March 18, 2026
Trust me, bro—the bot said so
Ask HN: How do you deal with people who trust LLMs?
Is chatbot faith just the new fake‑news habit? HN can’t agree
TLDR: An Ask HN post says “reputable” is subjective and asks if AI summaries are better than picking human sources. Commenters split between “same old gullibility, new wrapper” and “dangerous if unverified,” with jokes, zingers, and calls to teach fact‑checking as AI answers become everyday
Hacker News lit up over a post arguing that “reputable sources” are mostly a habit—and that everything, from newspapers to AI chatbots, carries bias. The author wonders if picking your poison via Google links to NYTimes, Fox News, or Wikipedia is better than letting Gemini mash it all into an “average answer,” and suggests we just say human sources vs AI sources. The crowd? Divided and loud.
One camp shrugs: this is nothing new, just the same people who believe sketchy headlines now believing shiny bot paragraphs. Another camp worries about stubborn bot zealots—the folks who double down on an LLM (large language model) answer even when shown real evidence. Then came the zinger everyone screenshotted: “two kinds of fools”—those who blindly trust the first “reputable” article, and those who blindly trust the first LLM with a “reputable” citation. Ouch.
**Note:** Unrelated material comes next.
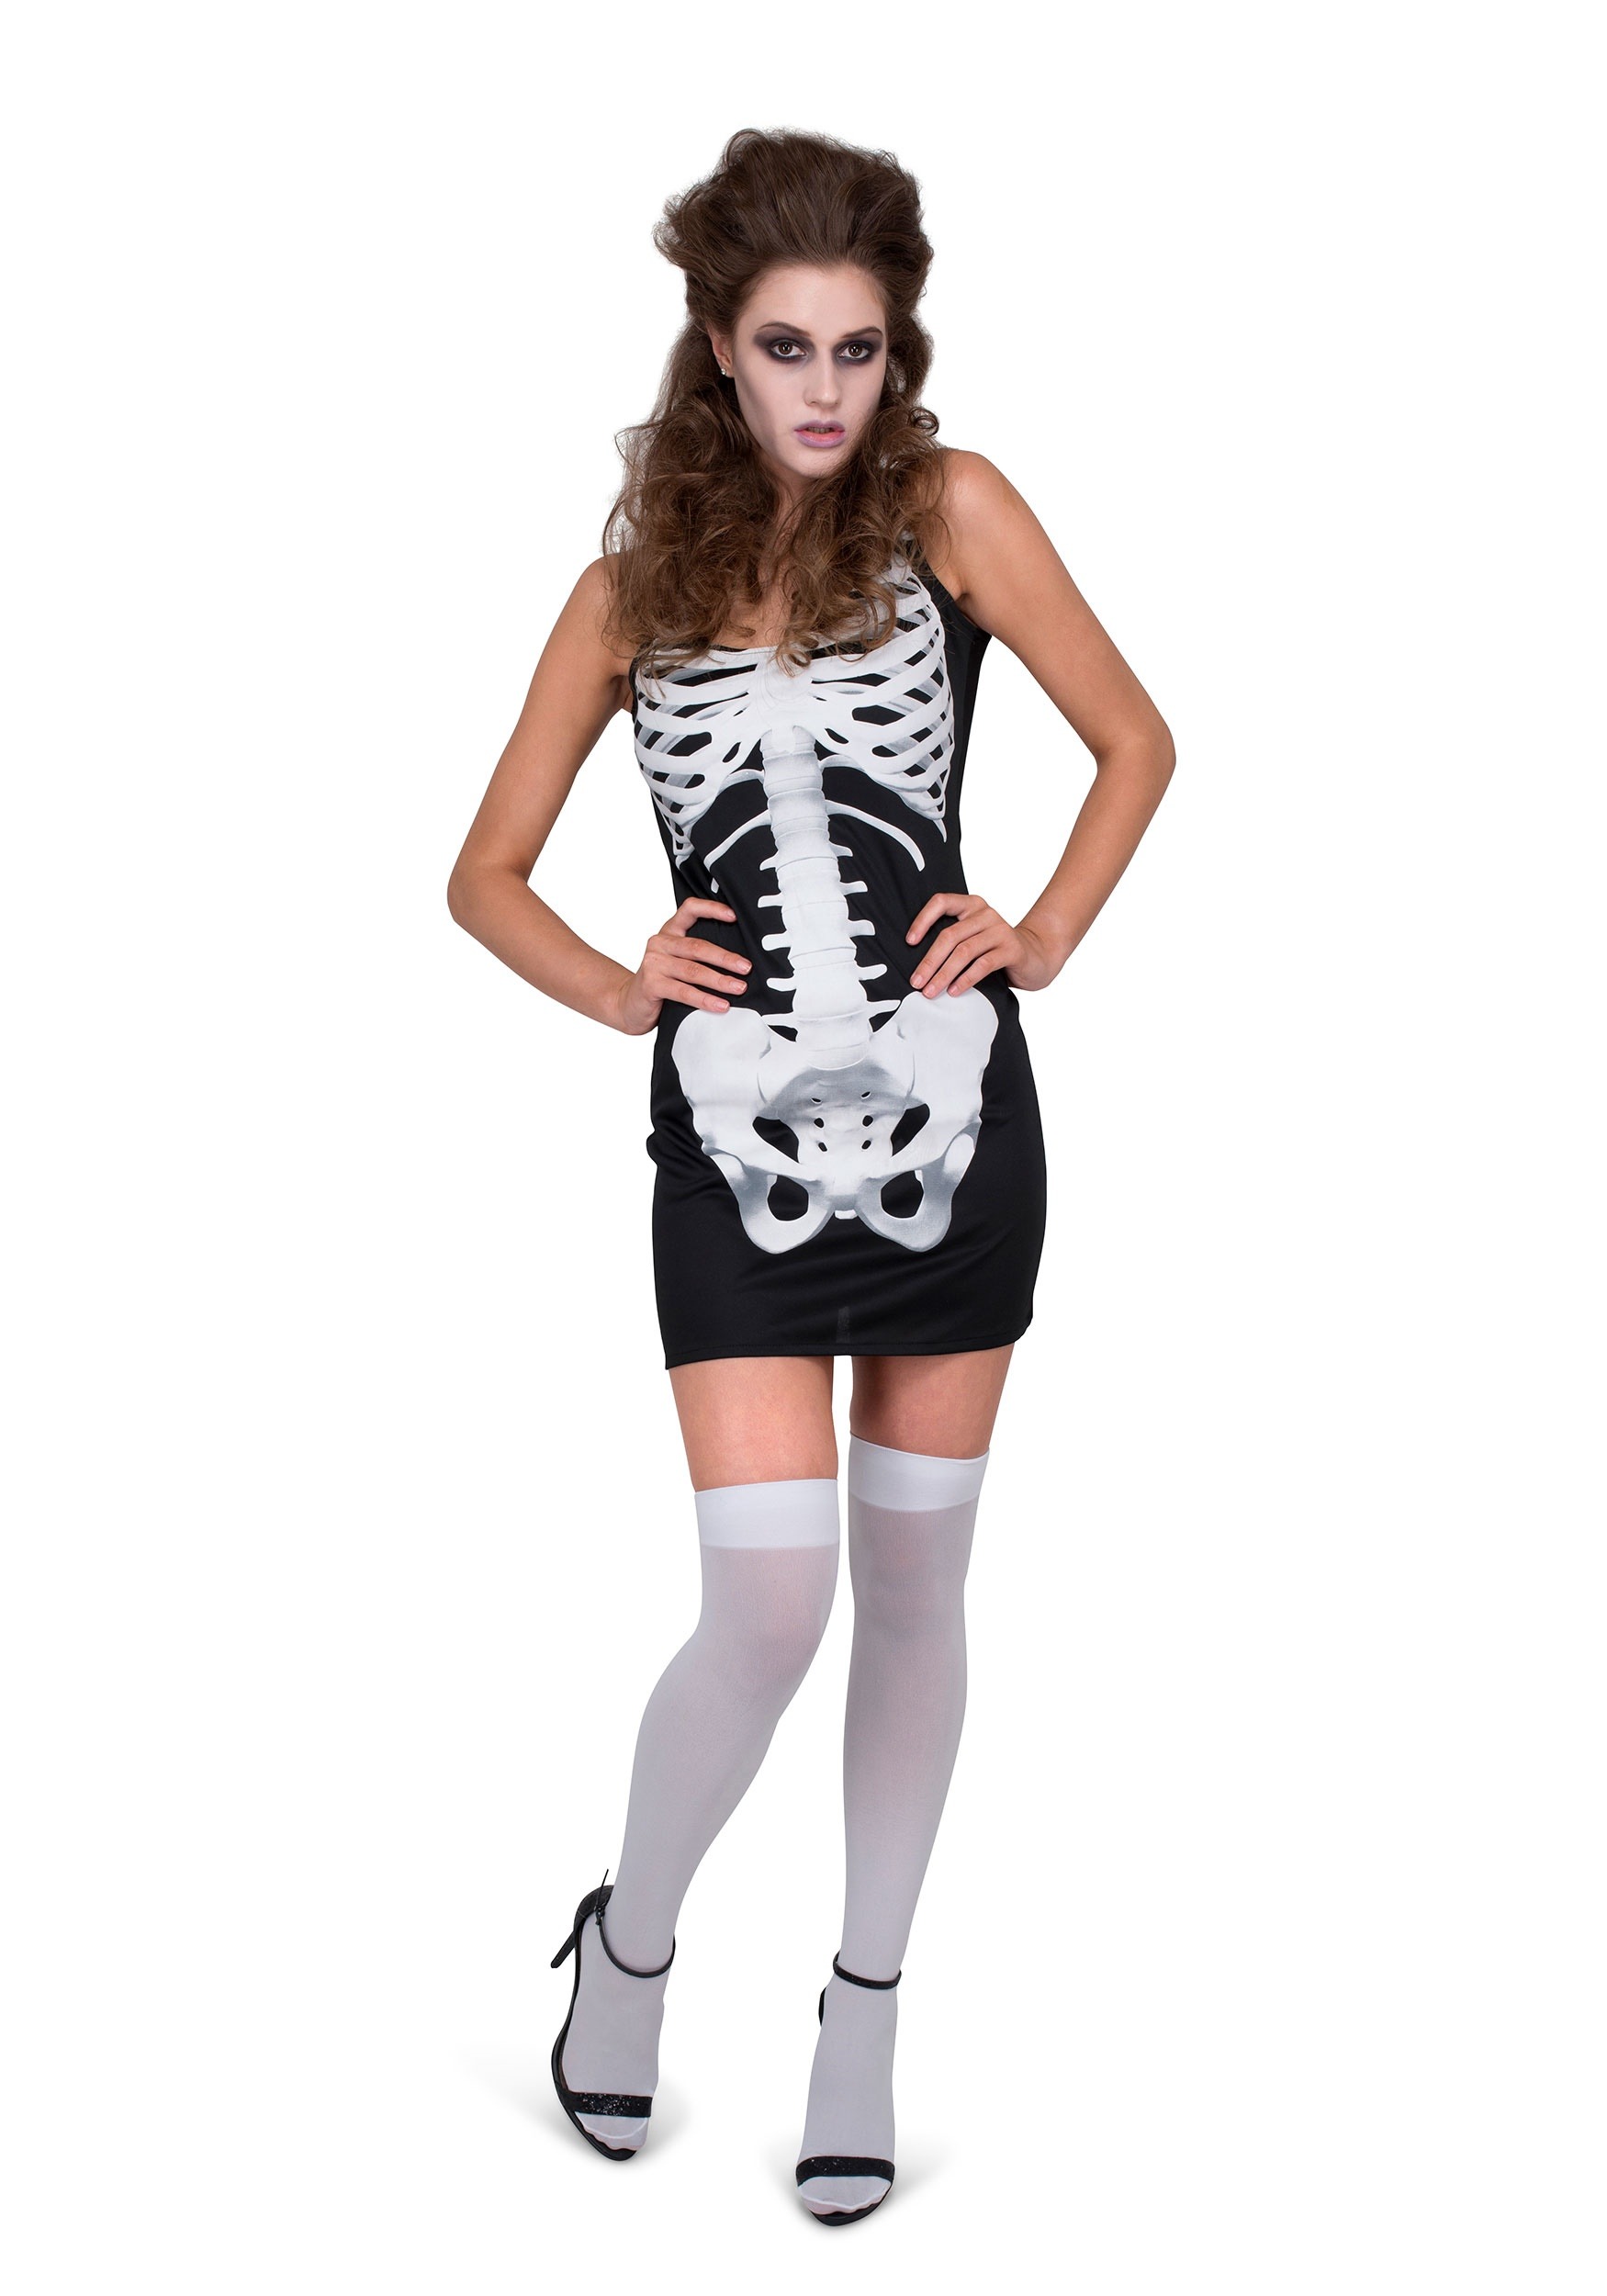 Skeleton Dress Costume For Women

Pragmatists say accept the chaos and teach verification. One commenter even shows friends how sycophantic ChatGPT can be to break the spell. And the comedy relief? Someone quipped they were “asking ChatGPT what this post is about,” turning the thread into a meta meme. Bonus spice: whispers about future explicitly biased AIs like Grok and DeepSeek had commenters clutching their pearls. Verdict: truth wars, but make it internet‑fun.
Key Points
- •The article argues all human-created information systems inherently carry biases shaped by their creators and contexts.
- •It claims labels like “objective truth” and “reputable” often reflect habituated trust and agreeability rather than neutrality.
- •It contrasts Google Search’s user-driven source selection with Gemini’s summarized, “average” answers from multiple sources.
- •It notes future AI systems may be explicitly biased in training, citing Grok and DeepSeek as examples.
- •It proposes reframing sources as “human” vs “AI” to evaluate whether they are superior or complementary.